Yes, we're going to get plenty about trees in the next weeks and months. Crann has announced its Autumn Festival of Trees, Feile Shamhna na gCrann, for October/November and there will be ceremonies and plantings all over the place. With a copy of its magazine Releafing Ireland comes a supplement by John Feehan on "The Spirit of Trees", a fine, long essay.
Just one paragraph from a quick perusal: "Today, we are trying. . .to restore the richness of trees to our experience, so that we and our children can find again woods in May floored with wood anemones and bluebells and feel this is where we are meant to be. A world without woods is a world without healing of the human spirit. They are part of what we are. Groves have stood at the edge of mystery in the human psyche from our very beginnings. Whispering trees stand at the dawn of human awareness on the threshold of our first consciousness. . .They are part of the make-up of the cradle of our humanity in the childhood of our species."
Yes, to start with the children is a worthy idea. Sean Dempsey of Kiltale, Dunsany, Co Meath writes: "Could I suggest to you that you might encourage young children to collect fruits of various trees this season and plant them? This year has been particularly good for acorns, beech nuts, birch seed, rowans, etc. and it would be good to plant them either at their school or in some pots at home." He says that next year some organisation might arrange a collection point for the seedlings and have them brought on in some designated place, sponsored by a State or business organisation, to be a fitting memorial for the late Freda Rountree.
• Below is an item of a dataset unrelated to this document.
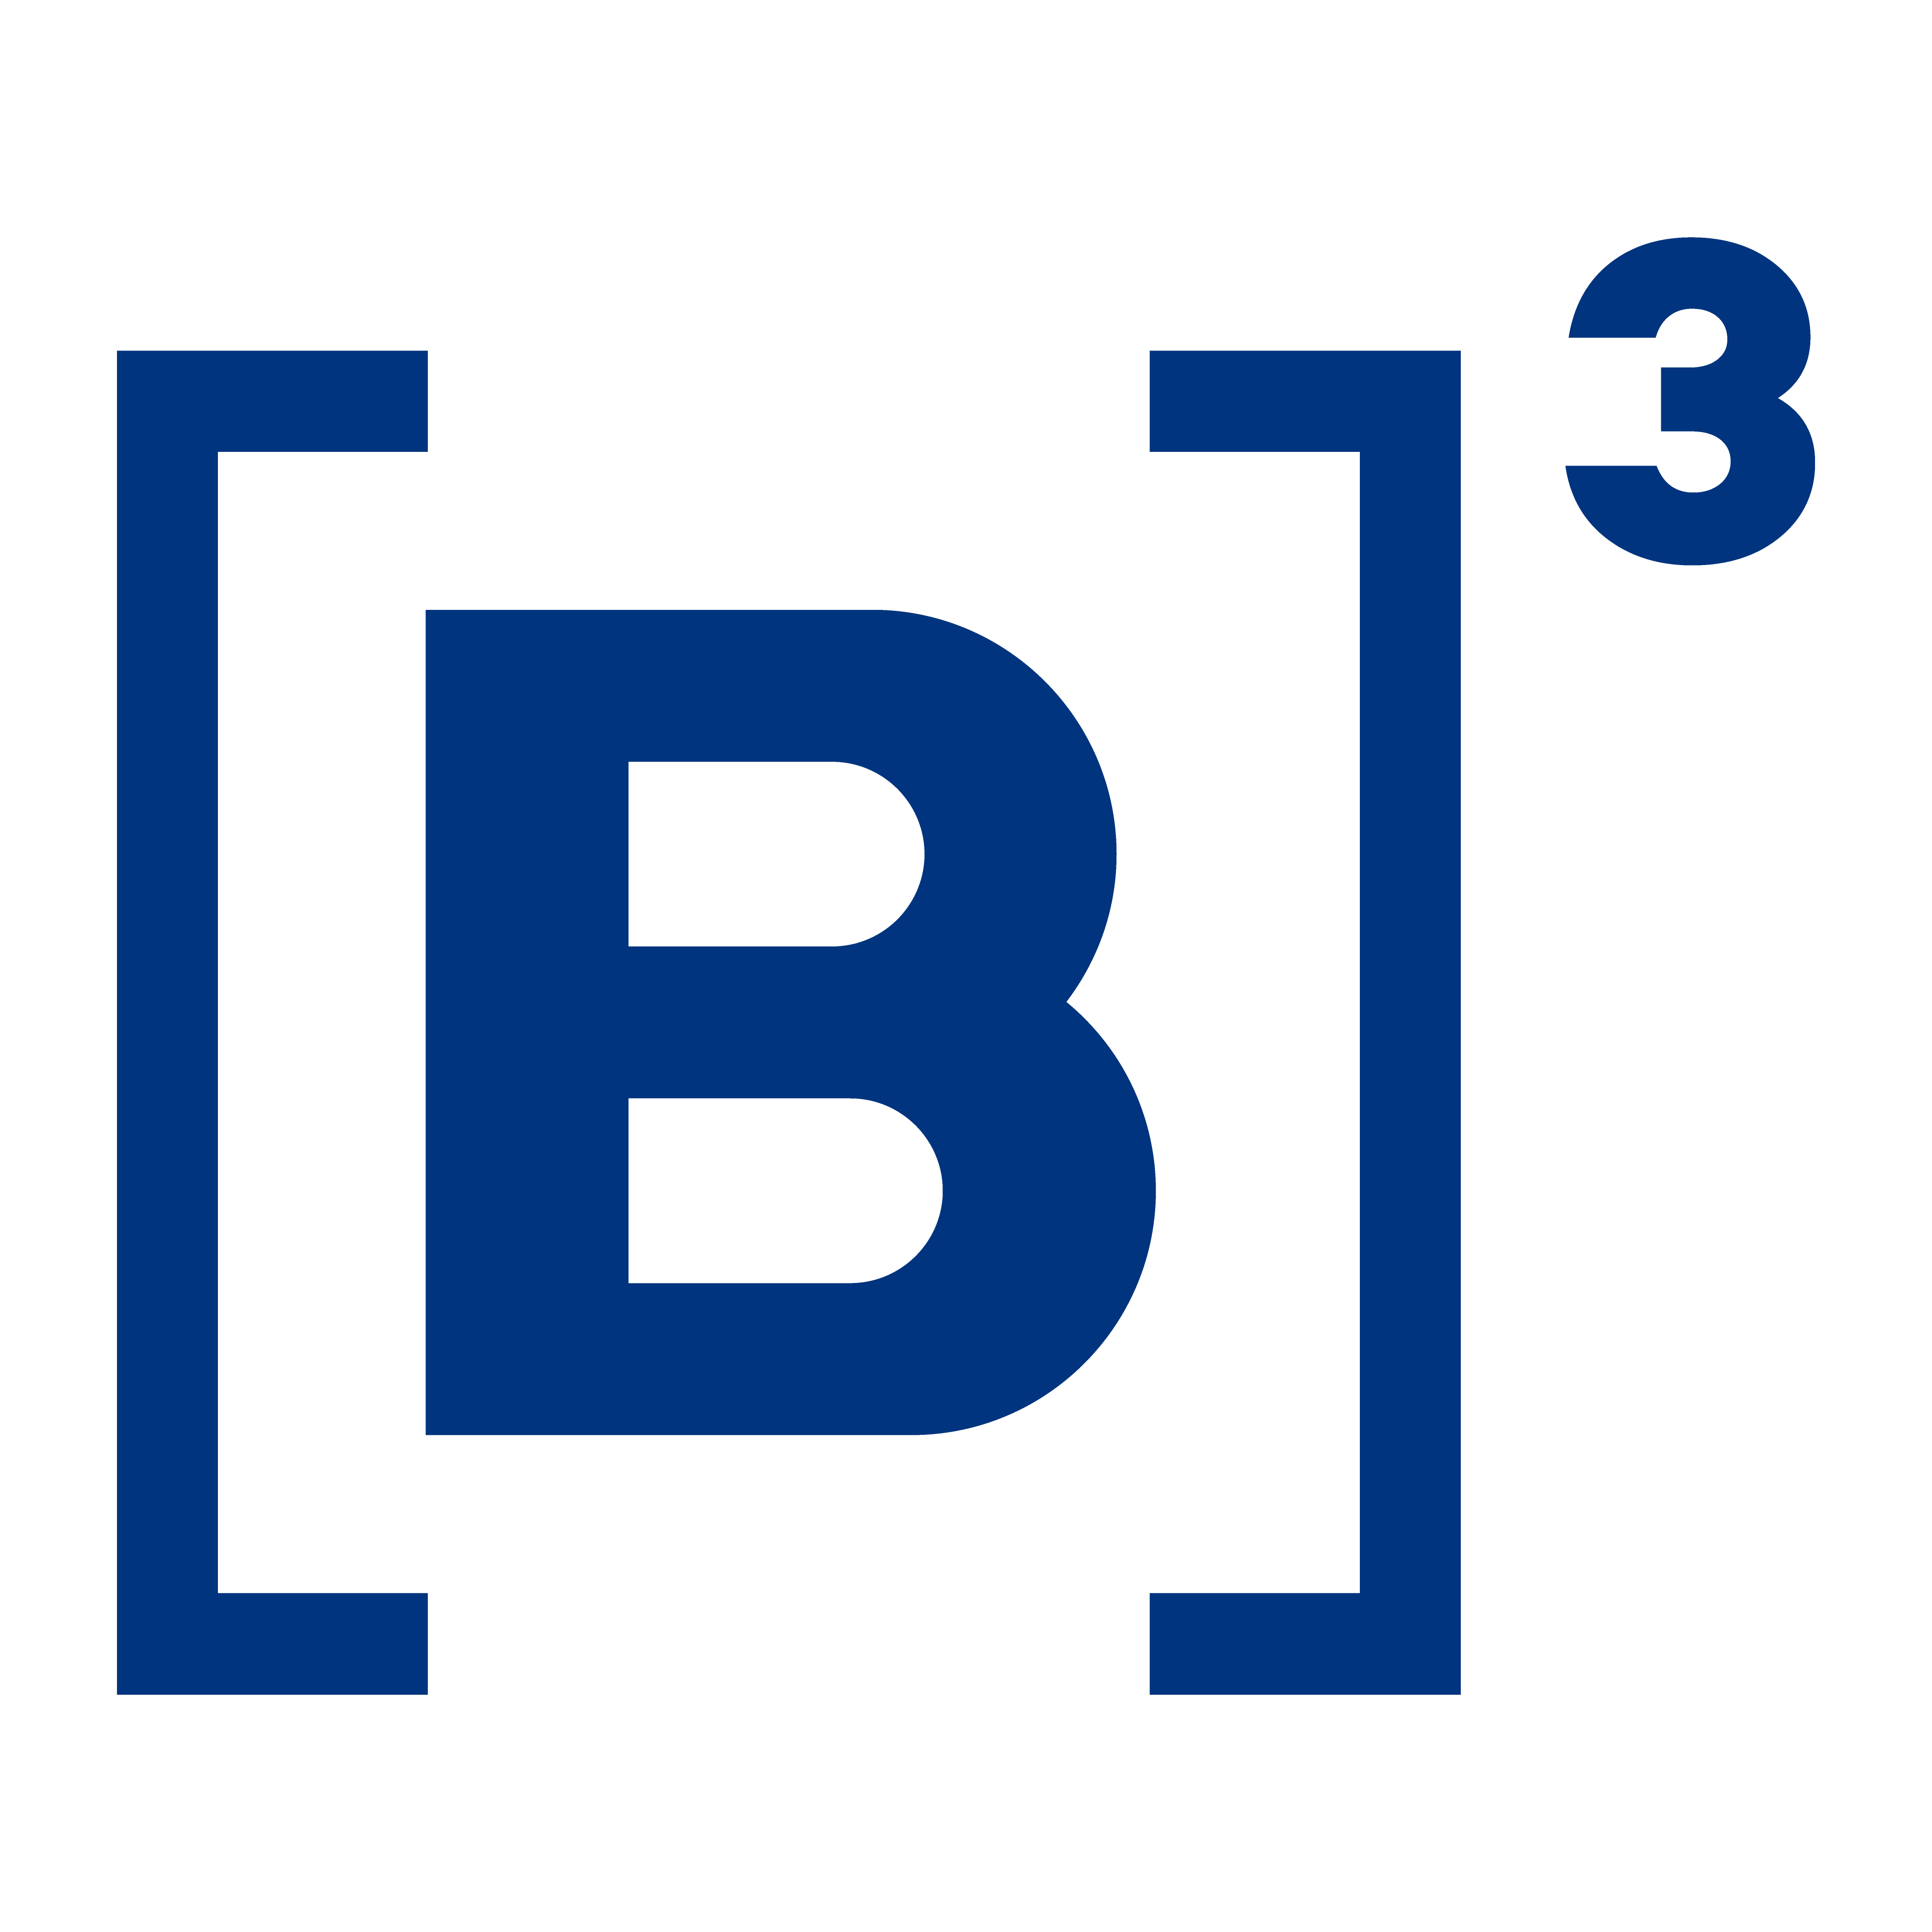 logo b3 icone

Sean, a teacher, has trees from Freda growing in his garden. The germ of an idea which someone reading this might take up. And, just for fun, what about the old idea canvassed yearly in this corner (and practised) of placing acorns, point down, in Ballygowan or similar bottles filled with water, so that children and others can watch, first, the roots descending to the bottom; eventually the side of the acorn opens and the shoot, your eventual tree, snakes up through the water and out of the mouth of the bottle.
If the acorn is too slim for the bottle top, prop it in with matchsticks or twigs. There are trees many feet high which started out like this.